Burnt spread, Termons, Co. Kerry
Co. Kerry |
Ritual/Ceremonial
On a flat, marshy stretch of ground near Termons in County Kerry, a heavily overgrown mound sits quietly beside a small stream that drains eastward into Lough Currane.
It is roughly eleven metres across and rises just over a metre at its highest point, built largely from burnt stone. Along its northern edge, facing the water, a rectangular depression measuring six metres by one and a half metres marks what was once a trough. Locals know the spot as Ardnawillan.
This is a fulacht fiadh, a type of prehistoric cooking site found in great numbers across Ireland, typically Bronze Age in origin. The basic principle was straightforward: a trough, often timber-lined and filled with water, would be heated by dropping fire-cracked stones into it until the water boiled, at which point meat could be cooked. The spent stones, cracked and blackened from repeated heating, were piled nearby, gradually forming the horseshoe-shaped or oval mounds that survive today.

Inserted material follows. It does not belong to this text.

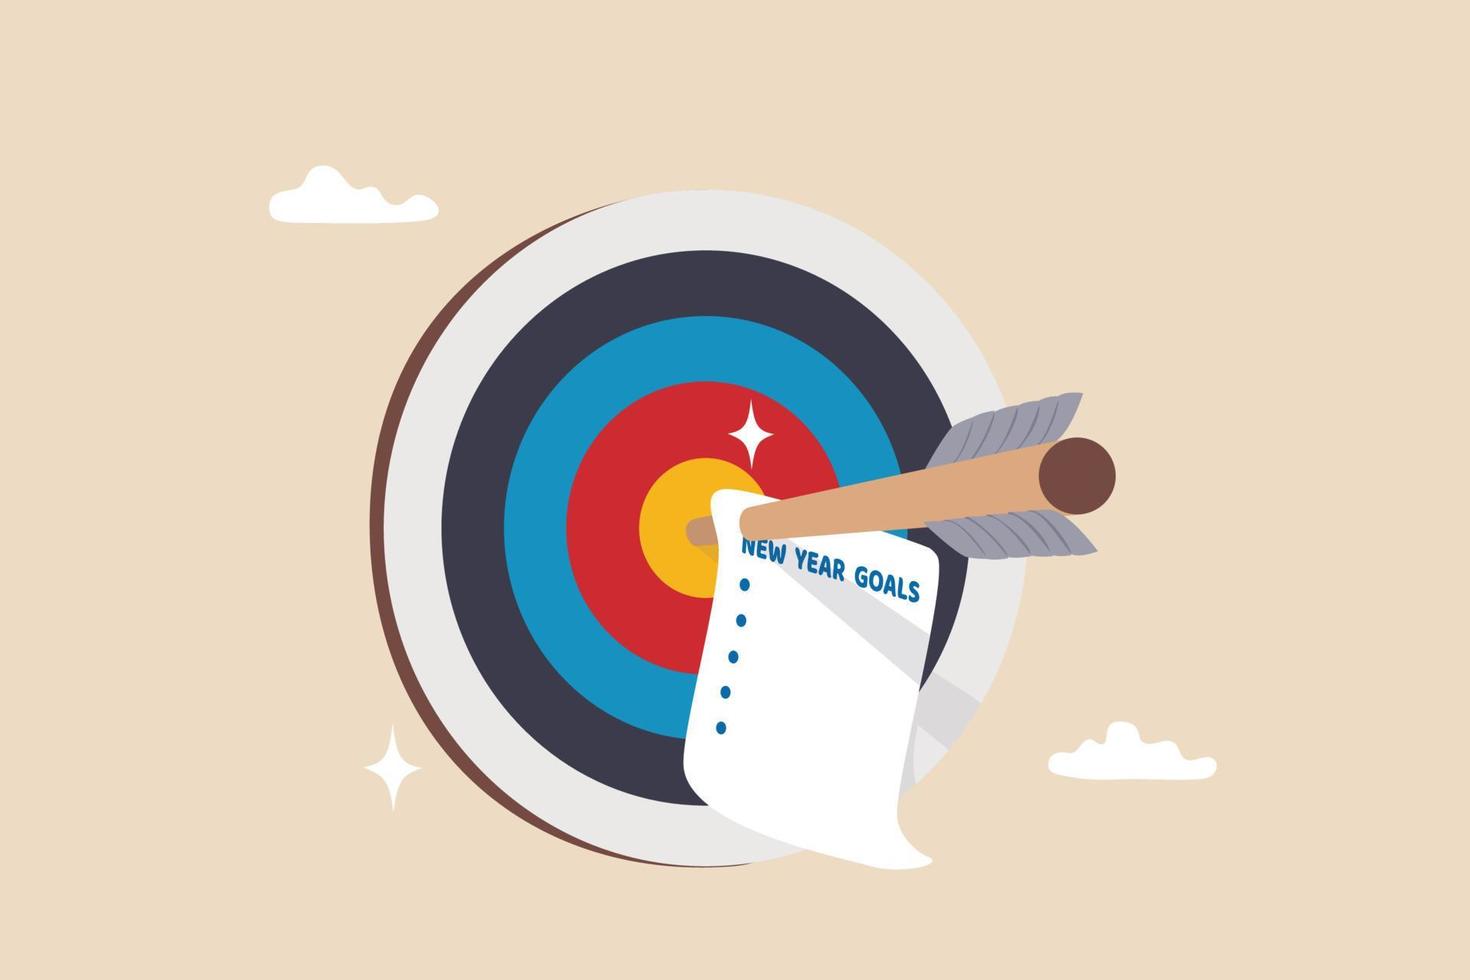 Set new year goals, target or resolution at the beginning of the year, determination or inspiration to improve and success concept, archer arrow with paper writing new year goals on bullseye target. vector

At Ardnawillan, that accumulation of discarded stone forms the mound as it now stands. Thirty metres to the west, a low spread of burnt stone and blackened soil may point to a second such site, suggesting this particular stretch of marshy ground, close to fresh water and perhaps seasonally used, drew repeated activity over time. The archaeological survey of the Iveragh Peninsula, compiled by A. O'Sullivan and J. Sheehan and published by Cork University Press in 1996, records both features.